— Task material —

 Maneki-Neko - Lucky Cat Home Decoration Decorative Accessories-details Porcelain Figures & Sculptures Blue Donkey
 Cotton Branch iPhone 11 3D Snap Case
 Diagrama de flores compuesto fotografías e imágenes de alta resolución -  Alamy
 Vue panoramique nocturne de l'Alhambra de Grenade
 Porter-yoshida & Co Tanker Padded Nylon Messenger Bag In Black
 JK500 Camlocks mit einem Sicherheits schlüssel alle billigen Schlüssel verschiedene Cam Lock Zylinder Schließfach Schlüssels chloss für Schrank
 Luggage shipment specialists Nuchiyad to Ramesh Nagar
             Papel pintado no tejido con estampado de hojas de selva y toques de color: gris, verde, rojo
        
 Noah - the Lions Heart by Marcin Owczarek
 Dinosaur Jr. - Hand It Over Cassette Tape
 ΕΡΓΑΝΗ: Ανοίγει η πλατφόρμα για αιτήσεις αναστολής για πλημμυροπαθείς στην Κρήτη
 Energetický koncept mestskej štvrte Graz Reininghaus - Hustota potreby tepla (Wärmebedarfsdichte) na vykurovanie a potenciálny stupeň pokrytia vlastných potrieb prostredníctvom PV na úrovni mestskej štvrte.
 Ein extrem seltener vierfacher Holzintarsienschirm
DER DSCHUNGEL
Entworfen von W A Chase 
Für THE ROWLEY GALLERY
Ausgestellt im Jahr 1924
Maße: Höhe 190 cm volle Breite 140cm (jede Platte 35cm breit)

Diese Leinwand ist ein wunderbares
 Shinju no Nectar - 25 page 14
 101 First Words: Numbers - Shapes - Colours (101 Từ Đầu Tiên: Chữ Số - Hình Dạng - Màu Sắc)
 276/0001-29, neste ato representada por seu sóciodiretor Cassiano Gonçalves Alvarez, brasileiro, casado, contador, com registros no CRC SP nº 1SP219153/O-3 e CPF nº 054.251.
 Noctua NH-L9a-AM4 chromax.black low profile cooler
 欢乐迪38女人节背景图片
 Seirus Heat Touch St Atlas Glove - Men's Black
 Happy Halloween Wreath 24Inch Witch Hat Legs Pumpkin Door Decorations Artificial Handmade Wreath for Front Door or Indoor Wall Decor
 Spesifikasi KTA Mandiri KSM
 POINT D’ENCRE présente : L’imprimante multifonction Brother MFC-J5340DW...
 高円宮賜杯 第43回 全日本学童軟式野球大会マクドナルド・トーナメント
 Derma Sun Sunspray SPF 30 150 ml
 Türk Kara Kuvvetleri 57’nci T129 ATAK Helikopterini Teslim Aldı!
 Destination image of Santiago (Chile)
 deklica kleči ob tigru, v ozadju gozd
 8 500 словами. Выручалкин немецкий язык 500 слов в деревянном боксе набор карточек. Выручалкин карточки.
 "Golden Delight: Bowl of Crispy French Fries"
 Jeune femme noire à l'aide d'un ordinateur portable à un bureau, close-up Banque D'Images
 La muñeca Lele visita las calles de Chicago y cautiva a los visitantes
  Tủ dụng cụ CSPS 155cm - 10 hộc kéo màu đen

— Goal of the exercise —
Repeat every record, keeping each word and mark exactly as it is.

— Response —
 Maneki-Neko - Lucky Cat Home Decoration Decorative Accessories-details Porcelain Figures & Sculptures Blue Donkey
 Cotton Branch iPhone 11 3D Snap Case
 Diagrama de flores compuesto fotografías e imágenes de alta resolución -  Alamy
 Vue panoramique nocturne de l'Alhambra de Grenade
 Porter-yoshida & Co Tanker Padded Nylon Messenger Bag In Black
 JK500 Camlocks mit einem Sicherheits schlüssel alle billigen Schlüssel verschiedene Cam Lock Zylinder Schließfach Schlüssels chloss für Schrank
 Luggage shipment specialists Nuchiyad to Ramesh Nagar
             Papel pintado no tejido con estampado de hojas de selva y toques de color: gris, verde, rojo
        
 Noah - the Lions Heart by Marcin Owczarek
 Dinosaur Jr. - Hand It Over Cassette Tape
 ΕΡΓΑΝΗ: Ανοίγει η πλατφόρμα για αιτήσεις αναστολής για πλημμυροπαθείς στην Κρήτη
 Energetický koncept mestskej štvrte Graz Reininghaus - Hustota potreby tepla (Wärmebedarfsdichte) na vykurovanie a potenciálny stupeň pokrytia vlastných potrieb prostredníctvom PV na úrovni mestskej štvrte.
 Ein extrem seltener vierfacher Holzintarsienschirm
DER DSCHUNGEL
Entworfen von W A Chase 
Für THE ROWLEY GALLERY
Ausgestellt im Jahr 1924
Maße: Höhe 190 cm volle Breite 140cm (jede Platte 35cm breit)

Diese Leinwand ist ein wunderbares
 Shinju no Nectar - 25 page 14
 101 First Words: Numbers - Shapes - Colours (101 Từ Đầu Tiên: Chữ Số - Hình Dạng - Màu Sắc)
 276/0001-29, neste ato representada por seu sóciodiretor Cassiano Gonçalves Alvarez, brasileiro, casado, contador, com registros no CRC SP nº 1SP219153/O-3 e CPF nº 054.251.
 Noctua NH-L9a-AM4 chromax.black low profile cooler
 欢乐迪38女人节背景图片
 Seirus Heat Touch St Atlas Glove - Men's Black
 Happy Halloween Wreath 24Inch Witch Hat Legs Pumpkin Door Decorations Artificial Handmade Wreath for Front Door or Indoor Wall Decor
 Spesifikasi KTA Mandiri KSM
 POINT D’ENCRE présente : L’imprimante multifonction Brother MFC-J5340DW...
 高円宮賜杯 第43回 全日本学童軟式野球大会マクドナルド・トーナメント
 Derma Sun Sunspray SPF 30 150 ml
 Türk Kara Kuvvetleri 57’nci T129 ATAK Helikopterini Teslim Aldı!
 Destination image of Santiago (Chile)
 deklica kleči ob tigru, v ozadju gozd
 8 500 словами. Выручалкин немецкий язык 500 слов в деревянном боксе набор карточек. Выручалкин карточки.
 "Golden Delight: Bowl of Crispy French Fries"
 Jeune femme noire à l'aide d'un ordinateur portable à un bureau, close-up Banque D'Images
 La muñeca Lele visita las calles de Chicago y cautiva a los visitantes
  Tủ dụng cụ CSPS 155cm - 10 hộc kéo màu đen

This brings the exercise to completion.